特に、文大統領は発表直前に、戦時作戦統制権の返還時期を「任期内」から「速やかに」に修正するよう指示した。戦作権返還の時期はすでに2度も延期になり、2020年代半ば以降と予定されている。それも韓半島の不安定要素の解消と韓国軍の準備能力の確保という条件がついている。北朝鮮の核・ミサイル挑発が続く厳重な安保現実を考慮し、時期を決めずに現実的に柔軟に対応するという態度と見える。文大統領は、宋永武(ソン・ヨンム)国防部長官を任命する際も、時期について「いつになるか分からないが・・・」と明言しなかった。

5ヵ年計画は、経済・福祉分野で庶民と中小企業を支援して福祉を拡大するなど公平性強化に焦点を合わせるだけで新たな成長動力は見られない。さらに大きな問題は実現の可能性だ。基礎・障害者年金の引き上げと0~5歳の児童手当てなど福祉だけで2022年までに77兆4000億ウォンが必要となるなど、計178兆ウォンの家計簿となる。朴槿恵(パク・クンへ)政権序盤の公約家計簿の規模(135兆ウォン)より43兆ウォンも多い。歳入拡充と歳出削減という言葉で論議を避けているが、大規模な増税がなくては政策推進が難しいのが現実だ。今日から2日間、国政運営計画を後押しする国家財政戦略を議論するというが、順序が逆ではないのか問わざるを得ない。

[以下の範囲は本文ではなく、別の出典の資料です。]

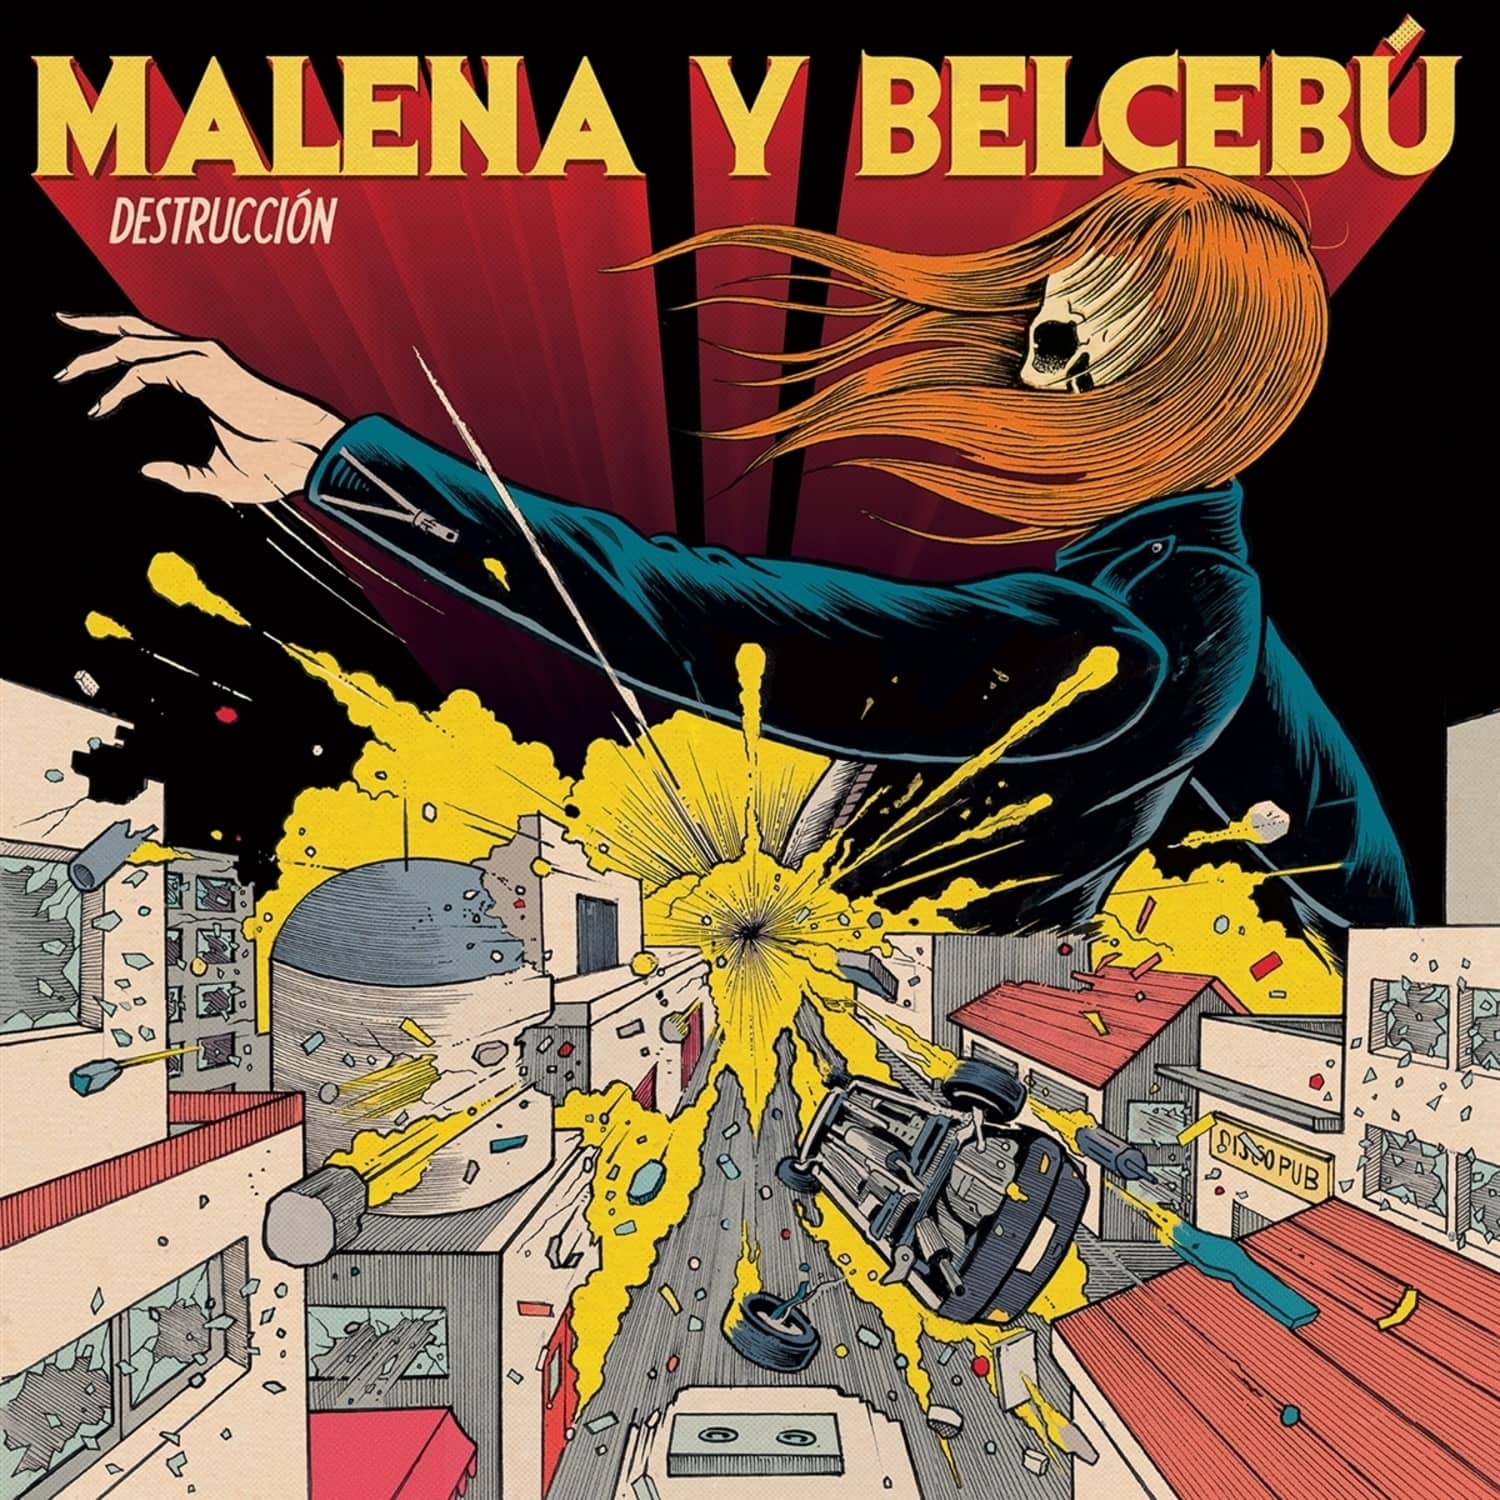 Malena Y Belcebu - DESTRUCCION

スタートしたばかりの政府が選挙時に提示した公約を直ちに修正することは難しいだろう。文大統領も「自分の言葉に強迫観念を持つ人」と言って約束履行を強調してきた。しかし、歴代政権と違って当選してすぐに実戦の国政運営に飛び込み、70日の体験学習を経た文大統領だ。今回、一部で微細調整したが、目標だけを意識した無理な推進は副作用を避けることができない。文大統領の言葉通り5ヵ年計画は設計図であり羅針盤だ。現実の状況と実現可能性に基づいて目標と方向を調整して柔軟に対応することが国政を成功させる知恵だ。